__Directions for this task__:
Could you transcribe exactly the lines below, from the line with "Jimi Hendrix Signed" through the line with "Samsung Galaxy S20", and nothing else, leaving out the pictures?

__Exercise materials__:
#####
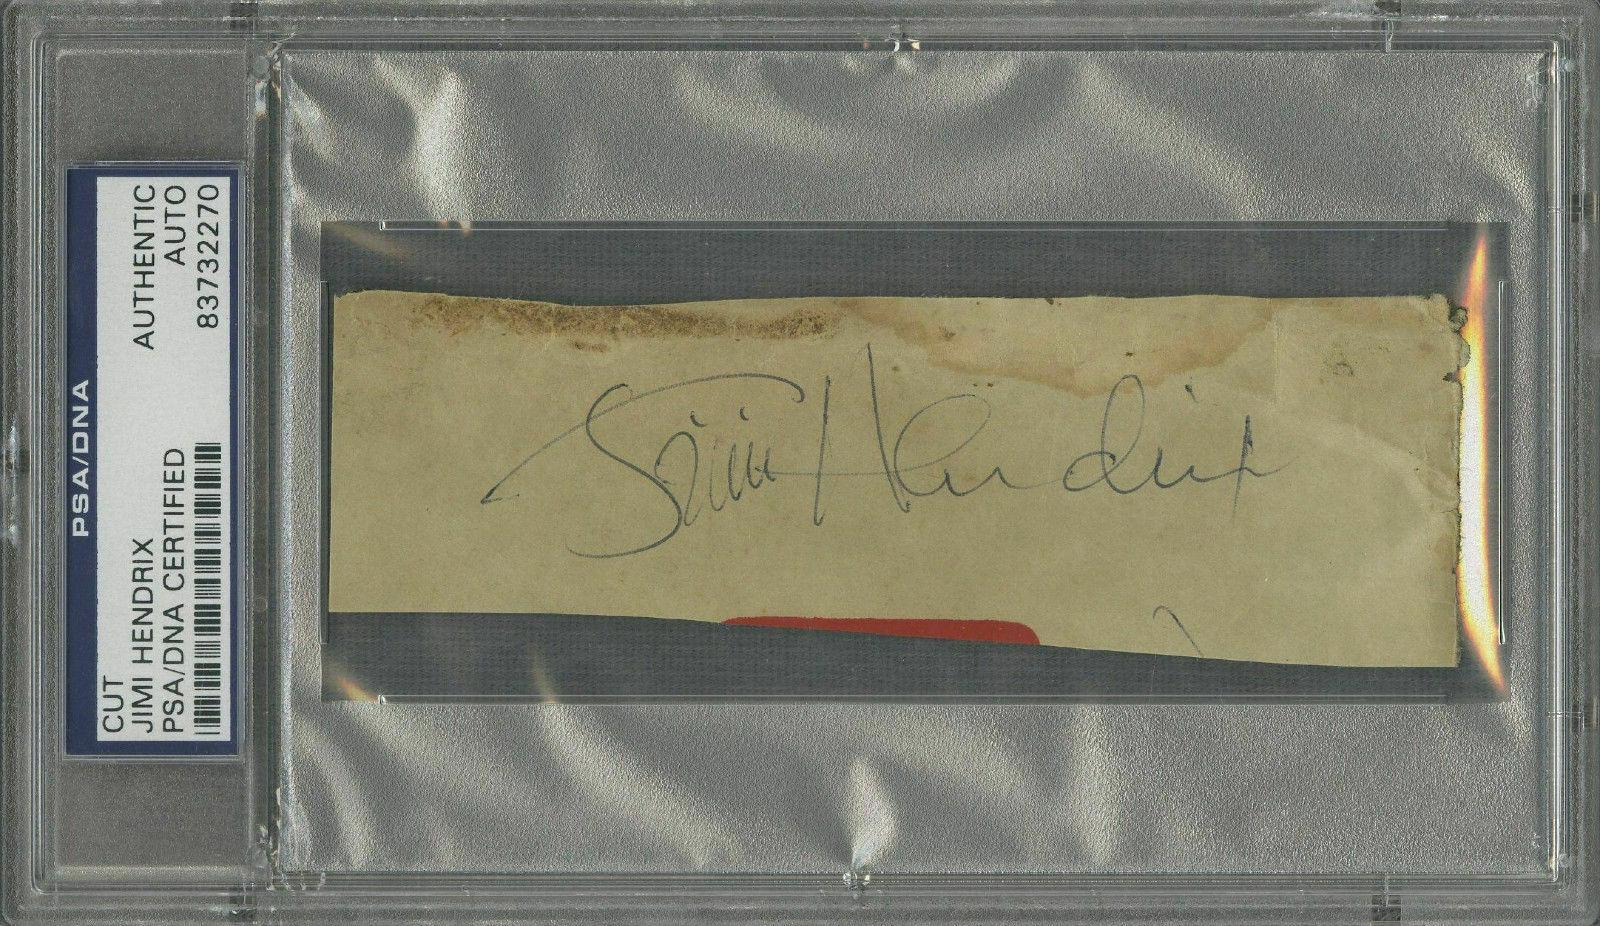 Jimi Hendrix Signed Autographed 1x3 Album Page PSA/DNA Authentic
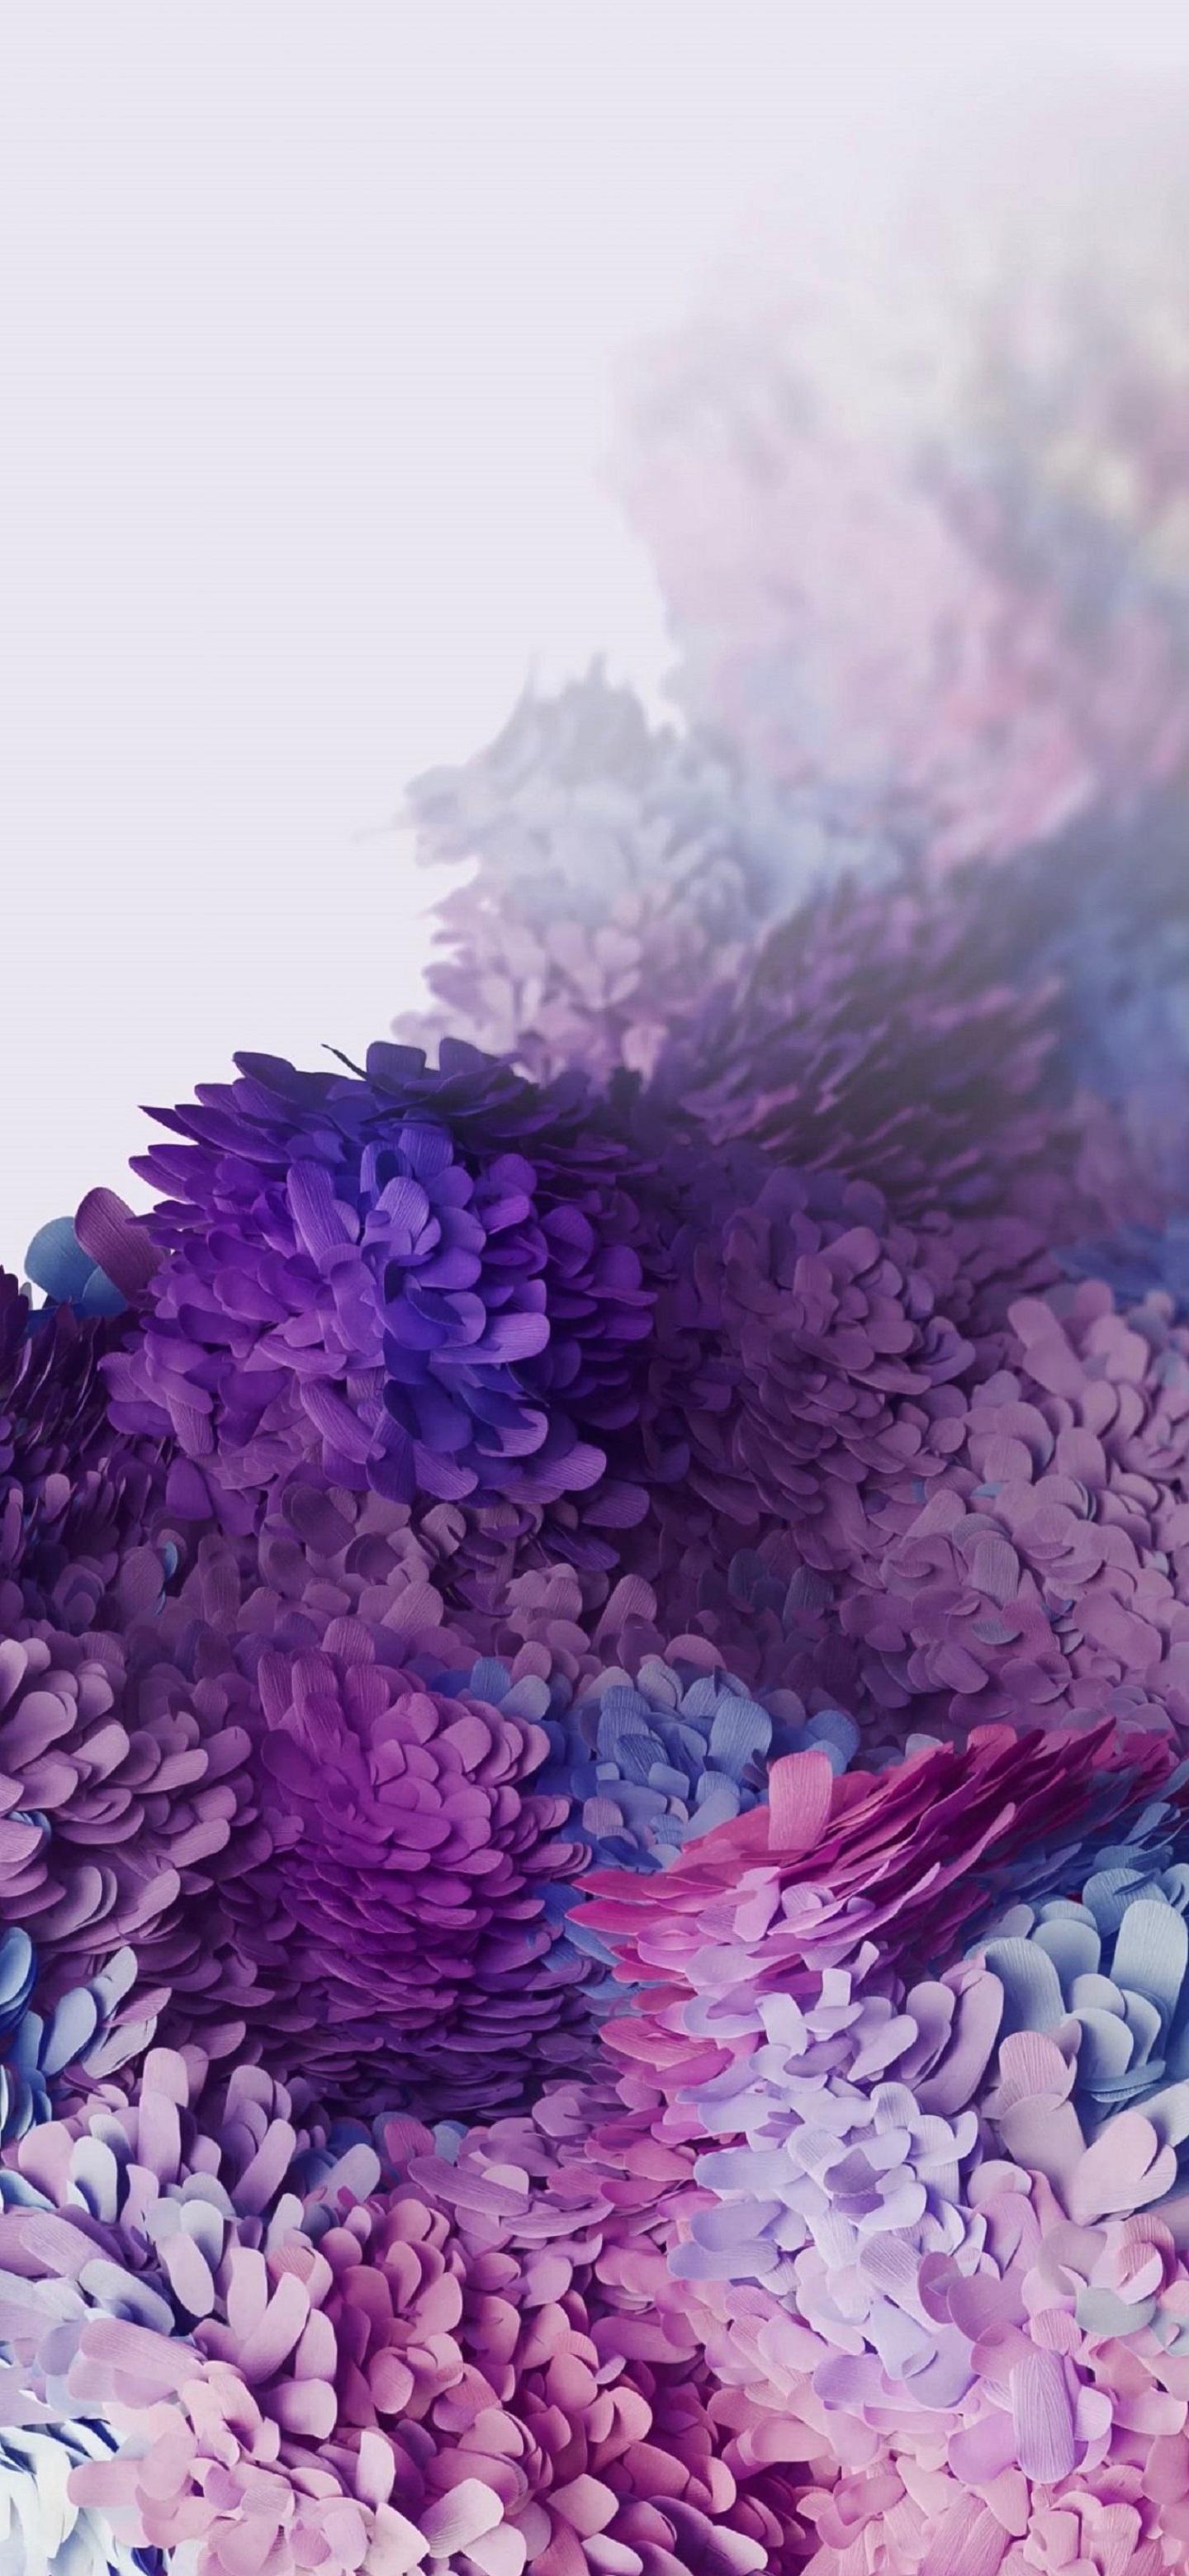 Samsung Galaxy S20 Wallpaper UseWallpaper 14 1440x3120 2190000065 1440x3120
#####
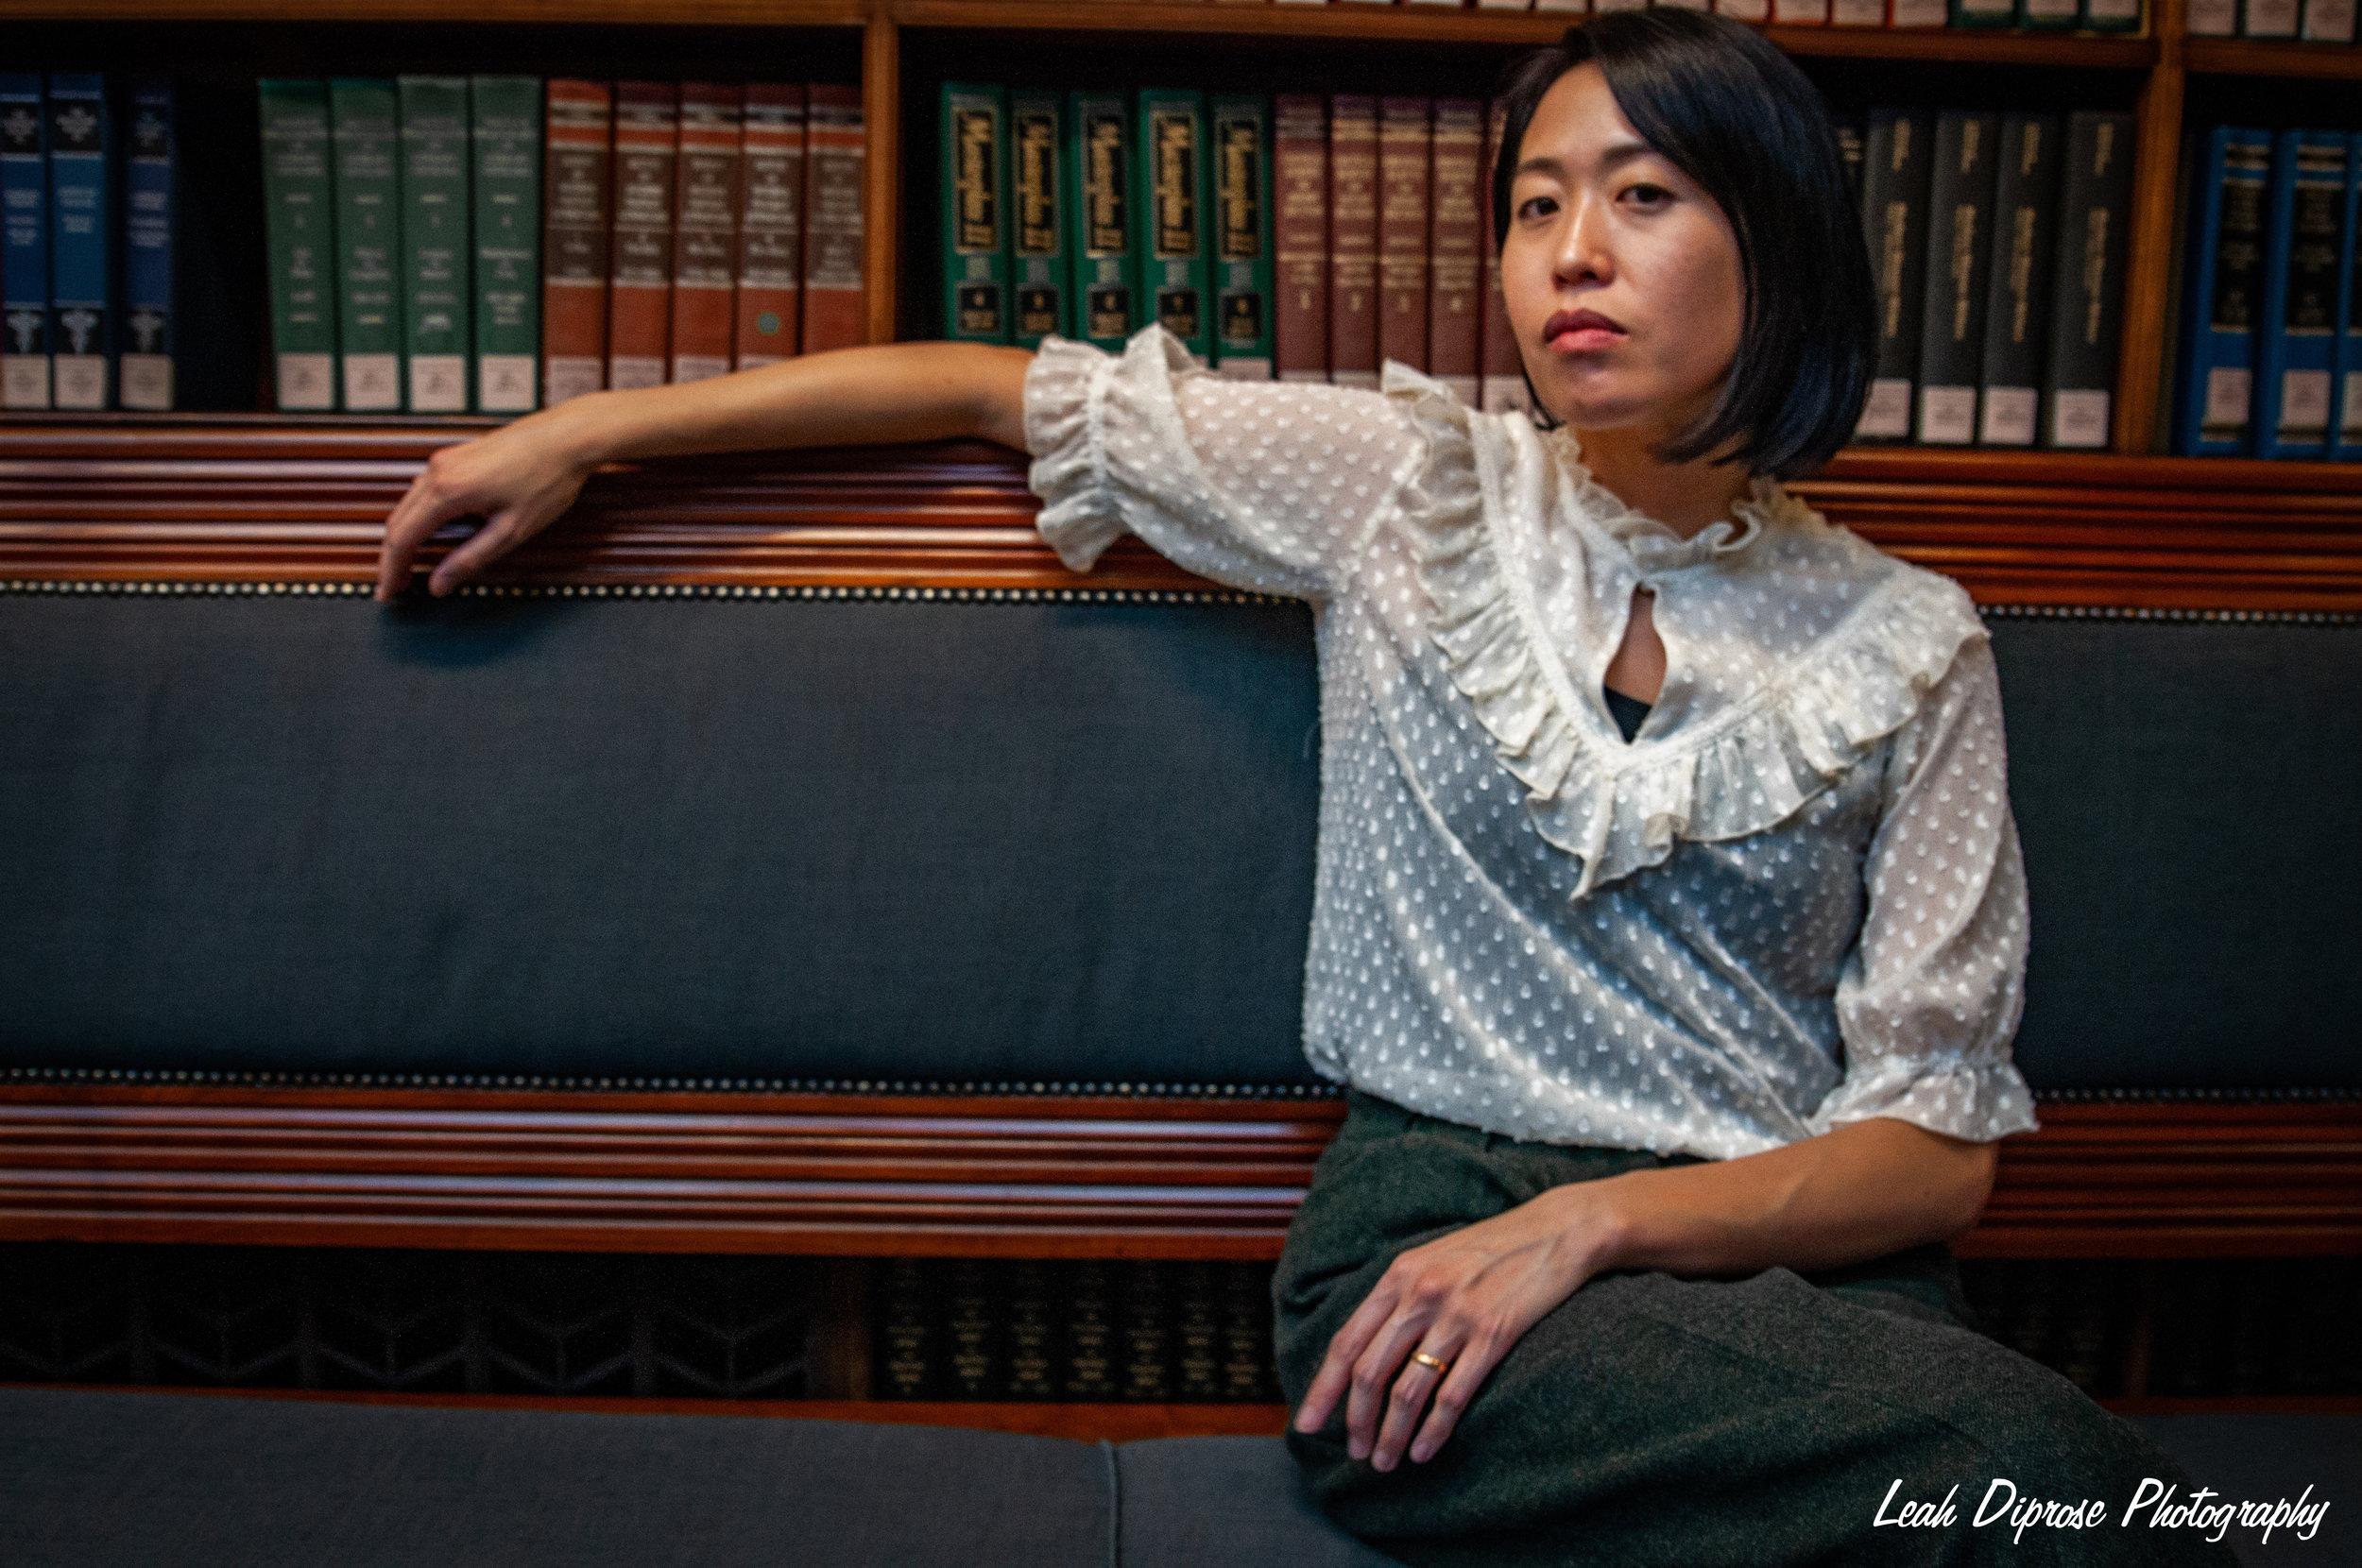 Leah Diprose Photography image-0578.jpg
#####
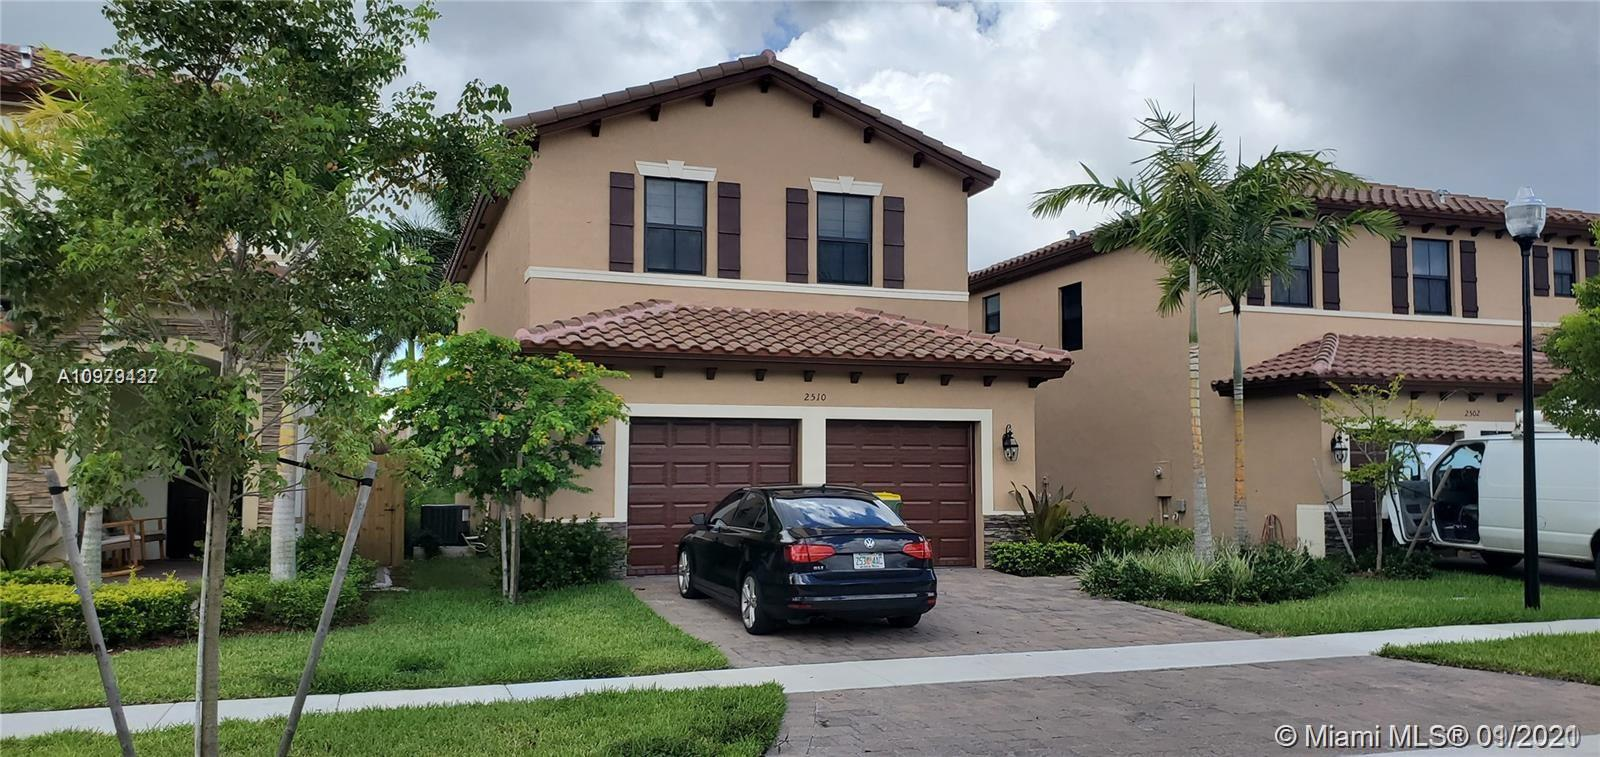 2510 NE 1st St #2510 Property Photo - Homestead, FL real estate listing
#####
__Written solution__:
 Jimi Hendrix Signed Autographed 1x3 Album Page PSA/DNA Authentic
 Samsung Galaxy S20 Wallpaper UseWallpaper 14 1440x3120 2190000065 1440x3120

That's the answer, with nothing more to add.